In 1208, Pope Innocent III ordered the eradication of the Cathar heresy, creating a military force to exterminate the heterodox rebels from the French Languedoc. Even though it is generally accepted that by 1244 the last heretics had died out in Montségur, many historians point out that entire families of “good men,” or bonshommes, had sought refuge in Lombardy, close to the Milan of today, where they lived for many years safe from the persecution of Rome, keeping their original faith.

Luini refers to the famous “conspiracy of the Pazzi” that made an attempt against the life of Lorenzo the Magnificent in the Cathedral of Florence. Lorenzo managed to escape unharmed, but his brother Giuliano was stabbed twenty-seven times. The resulting repression was one of the most bloody of the fifteenth century.

Until the nineteenth century, the Catholic Church identified Mary of Bethany, sister of Lazarus and of Martha, with Mary Magdalene.

The most recent and complete study relating the signs of the zodiac to the Twelve Apostles is by Nicola Sementovsky-Kurilo. According to him, the disciples in the Cenacolo are distributed in four groups of three to represent the four elements of Nature: earth, fire, air and water. Sementovsky assigns to each disciple a specific astrological sign. To Simon, at one end of the table, corresponds Aries; to Thaddeus, Taurus; Matthew, Gemini; Philip, Cancer; James the Elder, Leo; Thomas, Virgo; John, Libra (an important symbolic reading since, according to Sementovsky, the young John lends equilibrium to the future Church); Judas, Scorpio; Peter, Sagittarius; Andrew, Capricorn; James the Less, Aquarius; Bartholomew, Pisces.

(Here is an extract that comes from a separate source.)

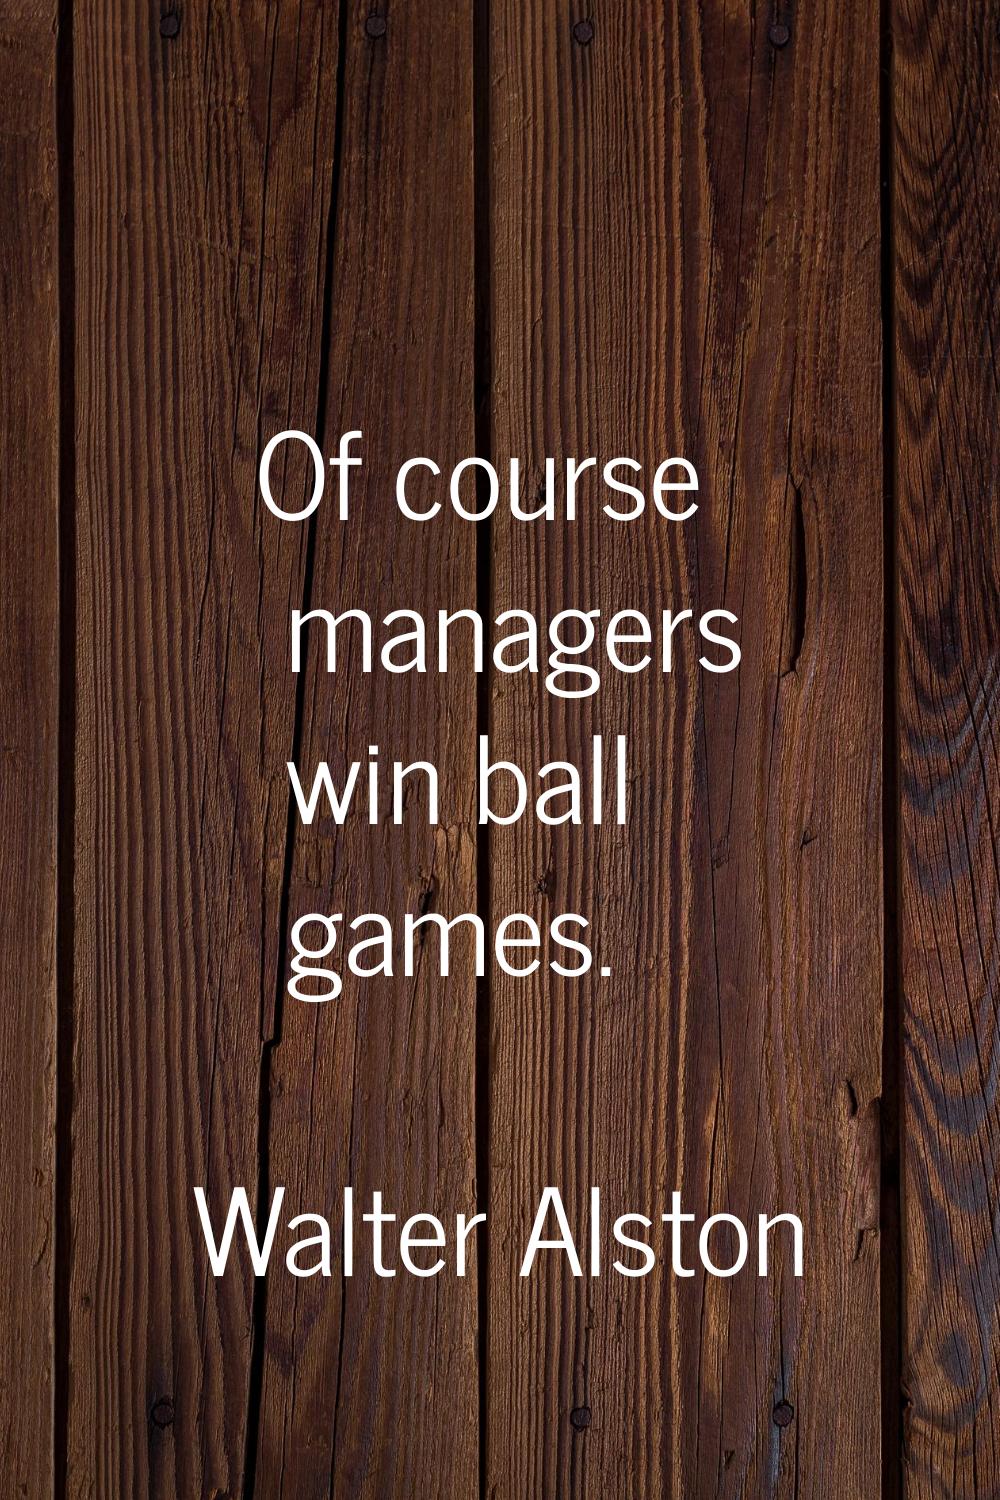 Of course managers win ball games.
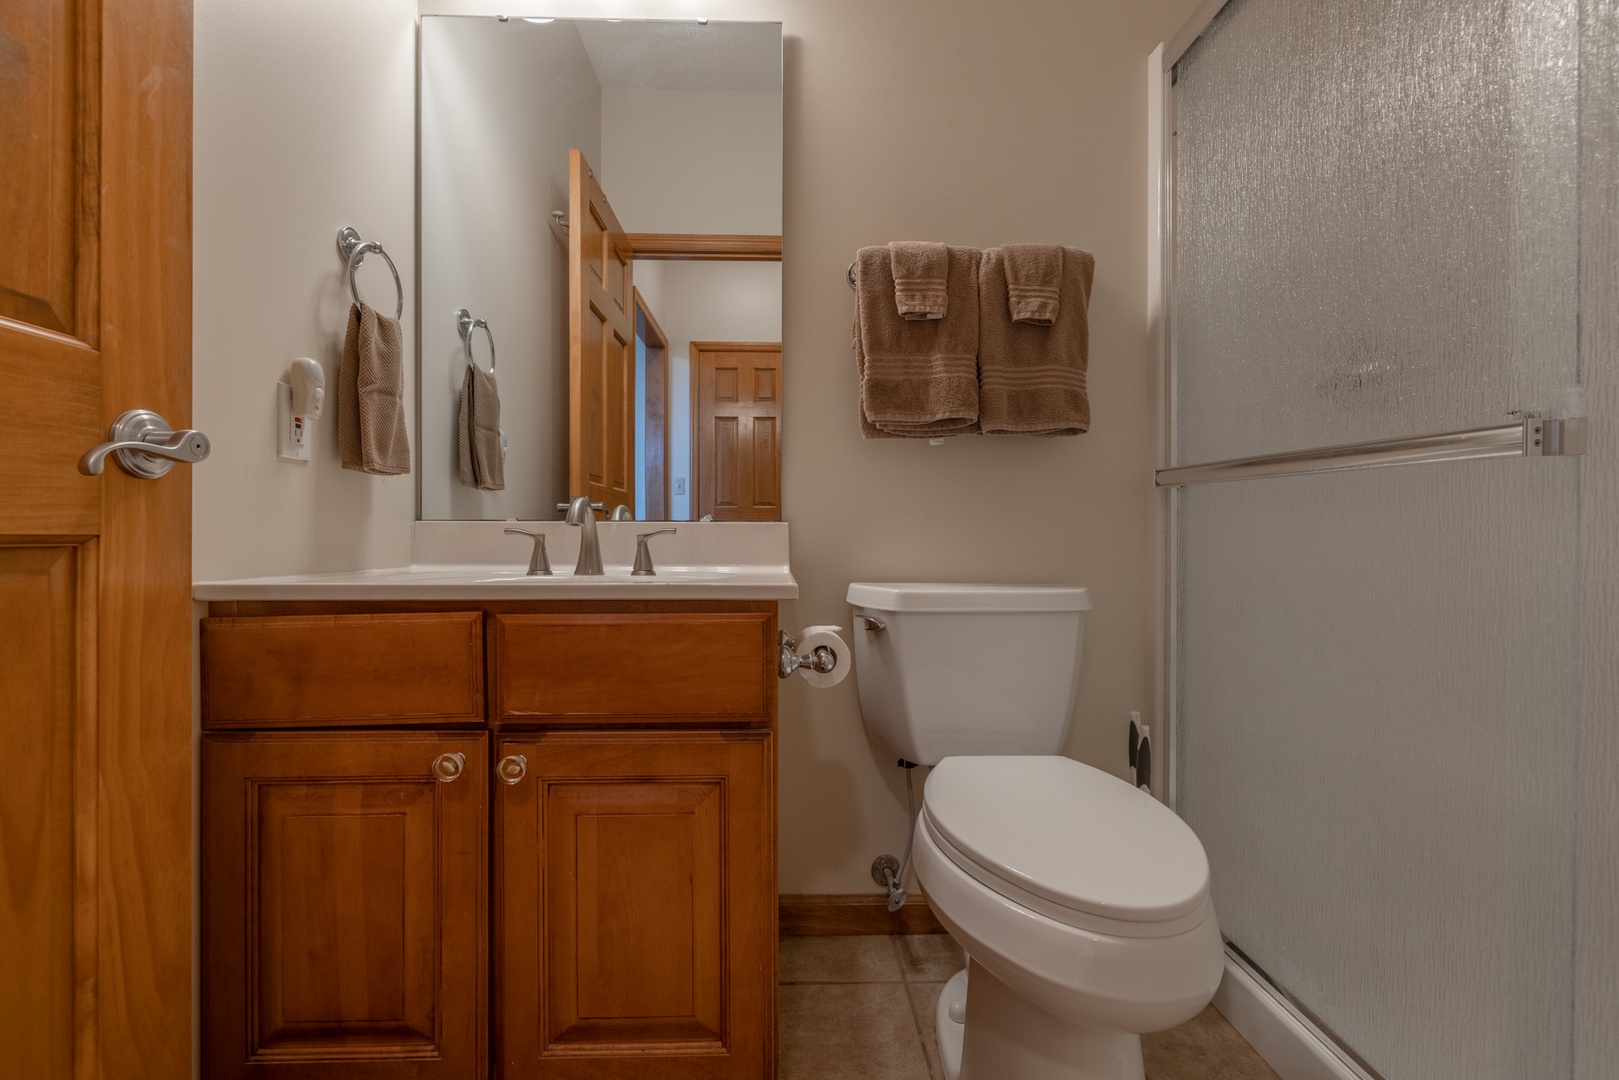 An additional full bathroom on the main level provides plenty of space for guests to freshen up after a day of exploring Innsbrook's resort-style amenities

Regarding Leonardo da Vinci’s paintings mentioned in the novel:

Cenacolo is the colloquial term by which The Last Supper was known in Milan. Maestà, or “Majesty,” was the name given to The Virgin of the Rocks. The portrait of Lucrezia Crivelli became celebrated under the title La Belle Ferronnière. Both these paintings now hang in the Louvre.

Regarding the bust that Leonardo supposedly used to portray the Apostle Simon, it can be seen today in the Uffizi, in Florence. It is a bust of Plato attributed to the Greek sculptor Silanion who was, as far as we know, the only artist to portray the philosopher during his lifetime, by order of King Mithridates, in 325 B.C.